3. Au plus tard le 20 janvier de chaque année, les États membres communiquent les plans nationaux à la Commission ou à l'organisme désigné par elle. La Commission ou l'organisme désigné par elle transmet ces plans au secrétariat de la CGPM au plus tard le 31 janvier de chaque année.

Article 22 novodecies
Suivi scientifique des pêcheries de turbot en mer Noire


Les États membres communiquent au CSC et à la Commission, au plus tard le 30 novembre de chaque année, tout renseignement supplémentaire à l'appui du suivi scientifique des pêcheries de turbot en mer Noire.


(*) Règlement d'exécution (UE) 2017/218 de la Commission du 6 février 2017 relatif au fichier de la flotte de pêche de l'Union (JO L 34 du 9.2.2017, p. 9).»

TITRE IV
COOPÉRATION, INFORMATION ET COMMUNICATION

Article 23
Coopération et information

1. La Commission et les États membres coopèrent et échangent des informations avec le secrétaire exécutif de la CGPM, notamment:
a) en effectuant des demandes d’informations auprès des bases de données pertinentes et en fournissant des informations auxdites bases de données;
b) en sollicitant une coopération et en coopérant dans le but de promouvoir la bonne application du présent règlement.
2. Les États membres veillent à ce que les systèmes d’information nationaux sur les pêches permettent des échanges d’informations électroniques directs sur les inspections de l’État du port visées au titre III, tant entre eux qu’avec le secrétaire exécutif de la CGPM, en tenant dûment compte des exigences de confidentialité appropriées.
3. Les États membres prennent des mesures pour promouvoir l’échange, par voie électronique, d’informations entre les organes nationaux compétents et coordonner les activités de ces organes pour l’application des mesures énoncées au ti- tre III, chapitre II.
4. Les États membres établissent, aux fins du présent règlement, une liste de points de contact qui est transmise dans les meilleurs délais par voie électronique, à la Commission et au secrétaire exécutif de la CGPM, ainsi qu’aux parties contractantes de la CGPM.
5. La Commission peut adopter des actes d’exécution concernant les règles détaillées relatives à la coopération et à l’échange d’informations. Ces actes d’exécution sont adoptés en conformité avec la procédure d’examen visée à l’article 25, paragraphe 2.

Article 23 bis
Communication des données utiles à la Commission

1. Au plus tard le 15 décembre de chaque année, les États membres concernés soumettent à la Commission:
a) les données concernant le corail rouge visées à l'article 22ter; et
b) sous la forme d'un rapport électronique, les taux de captures accidentelles et de rejets d'oiseaux marins, de tortues marines, de phoques moines, de cétacés et de requins et de raies, ainsi que toute information pertinente communiquée conformément à l'article 17 ter, paragraphe 1, points a), b), c), d) et e) respectivement.
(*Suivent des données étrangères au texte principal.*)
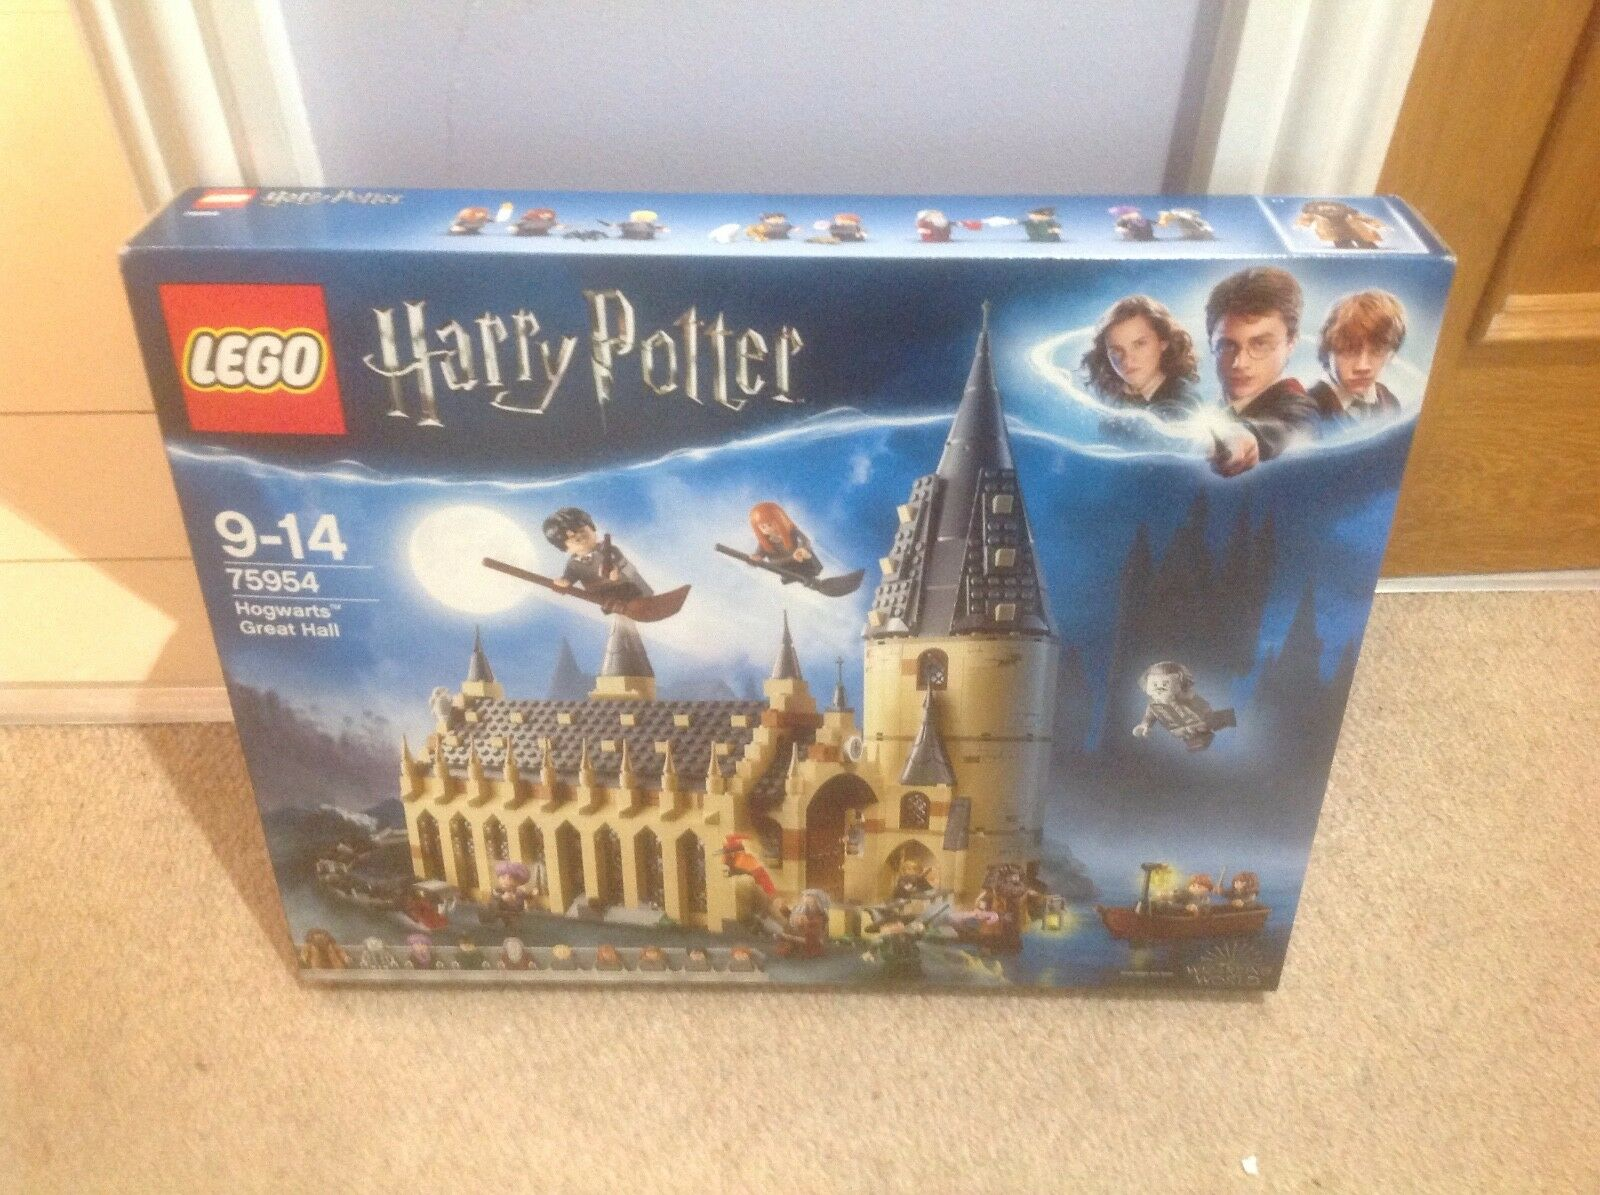 Lego Lego Lego Harry Potter Hogwarts Great Hall NEW IN BOx 84a8b5

2. La Commission transmet au secrétaire exécutif de la CGPM, au plus tard le 31 décembre de chaque année, les informations visées au paragraphe 1.

3. Les États membres communiquent à la Commission toute modification de la liste des ports désignés pour le débarquement des captures de corail rouge conformément au point 5 de la recommandation CGPM/36/2012/1.

4. Les États membres mettent en place des systèmes de surveillance adéquats afin de collecter des informations fiables concernant les incidences sur les populations de cétacés dans la mer Noire des navires de pêche ciblant l'aiguillat commun avec des filets maillants de fond et transmettent ces informations à la Commission.

5. Les États membres informent la Commission de tous les changements effectués dans les cartes et les listes des positions géographiques permettant d'identifier la localisation des grottes de phoques moines visées au point 6 de la recommandation CGPM/35/2011/5.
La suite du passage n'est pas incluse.